I am also posting because of the same issue. My Vision M crashed today also, however I have not been able to get it back up and running yet. When I connect it to my lap top it starts charging but then just freezes up again.
HELP!!!
Lisa:


----------



## Evales (Apr 26, 2008)

This appears to be more of a problem then I previously thought. The same thing happened to mine, it can still charge but you can add anything new, all your photos are deleted plus videos and only some of your music remains. I can't remember if this happened straight away but every time you turn in on it has to rebuild (unless you've turned it on recently). Sometimes it rebuilds with 1900 songs sometimes with 3200. I'm going to give some advise to anyone out there with this problem.

DO NOT let your battery on the vision M run done to nil.
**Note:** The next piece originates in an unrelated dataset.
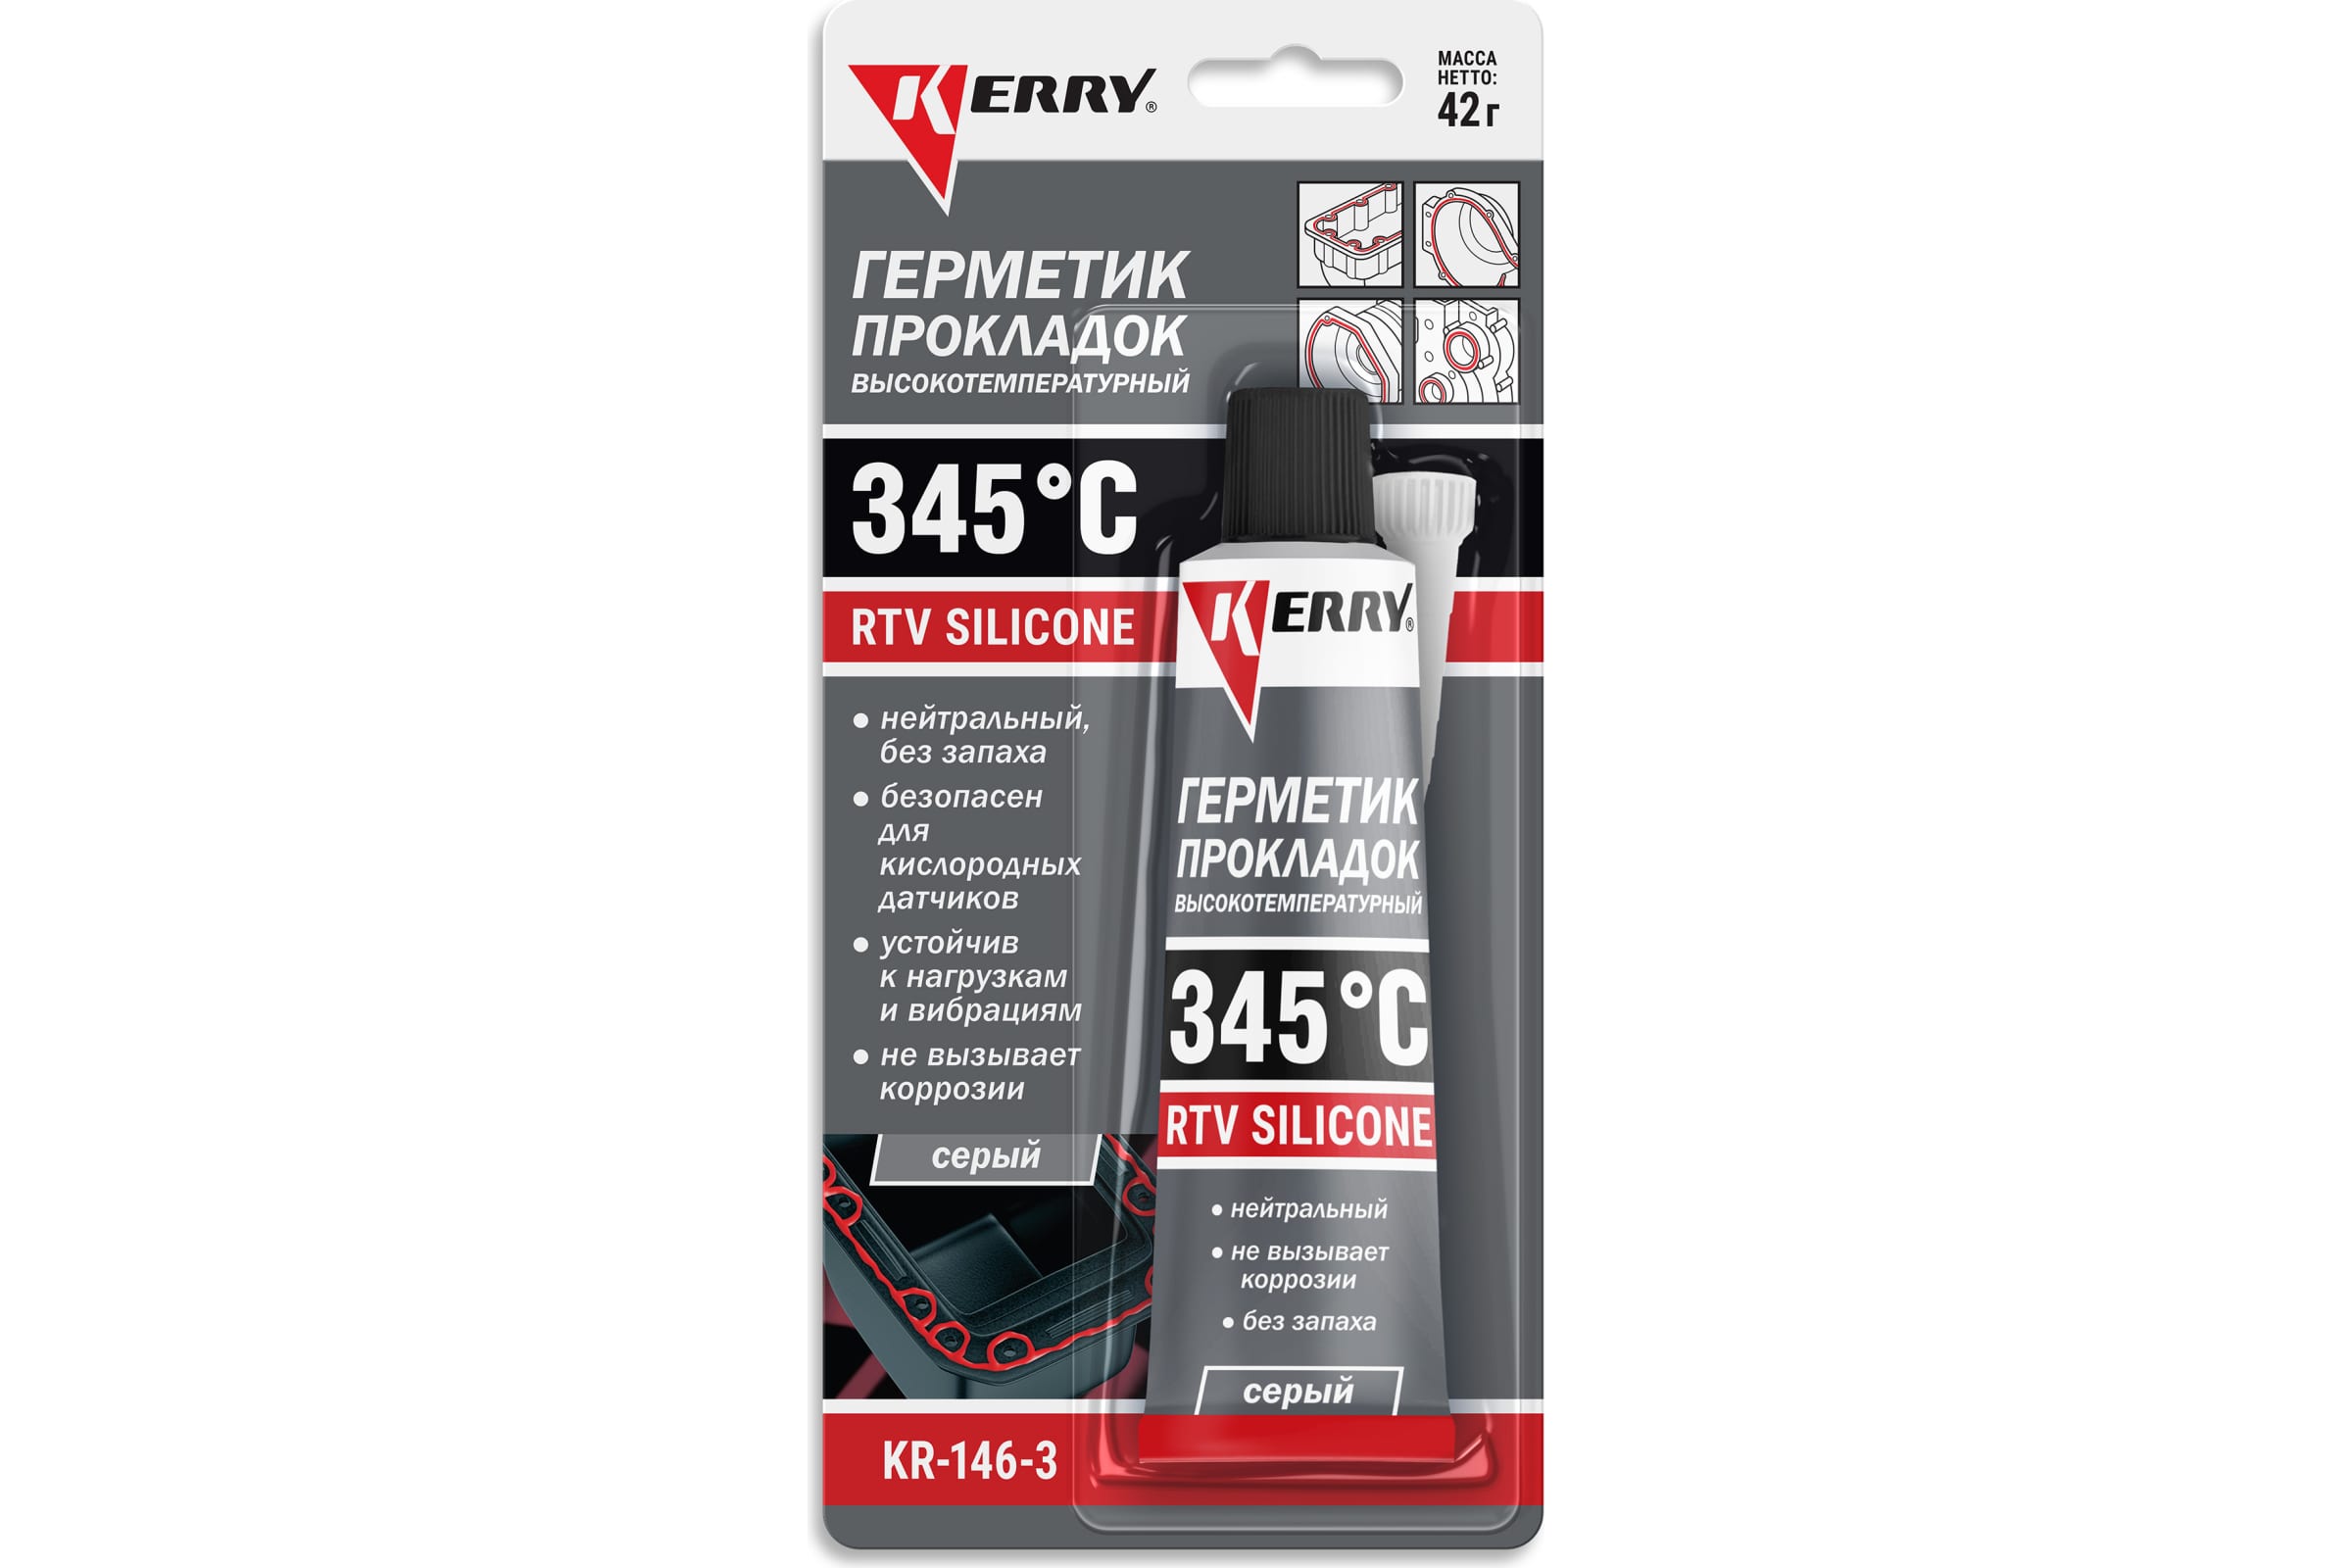 KERRY Герметик прокладок высокотемпературный нейтральный серый RTV SILICONE KR-146-3

Because it is very hard to get it working again if this is a problem that you have. 

I think that the Vision M's hard drive has quite a few problem's I've gone through 3 vision M's. They're great when they work. I'm thinking of upgrading to the flash based new creative zen.


----------



## GreatKeroBerous (Jul 9, 2008)

I am also having this problem, how did you fix it? I went to the creative website and they didn't want to help because my warranty was gone. I could really use your help.


----------



## Evales (Apr 26, 2008)

You can't fix it. All of those who are hoping that is the case abandon hope now. Or find your warranty quick. The fact is hardrive based MP3 Players such as the Creative Zen Vision and the iPod Classic are not built for casual everyday use. 
How many MP3 player do we go through a year? How many of your USB's have broken? Flash drive (like USB) is what you should buy now.
For those who like Creative (and who doesn't, aside from the hardrive problems they are great) the new Zen on the market is only flash based. Creative, noticing the error of their ways have removed hardrive. 

Whereas Apple will continue to milk you for all your worth as their products live long enough to last the warrenty.


----------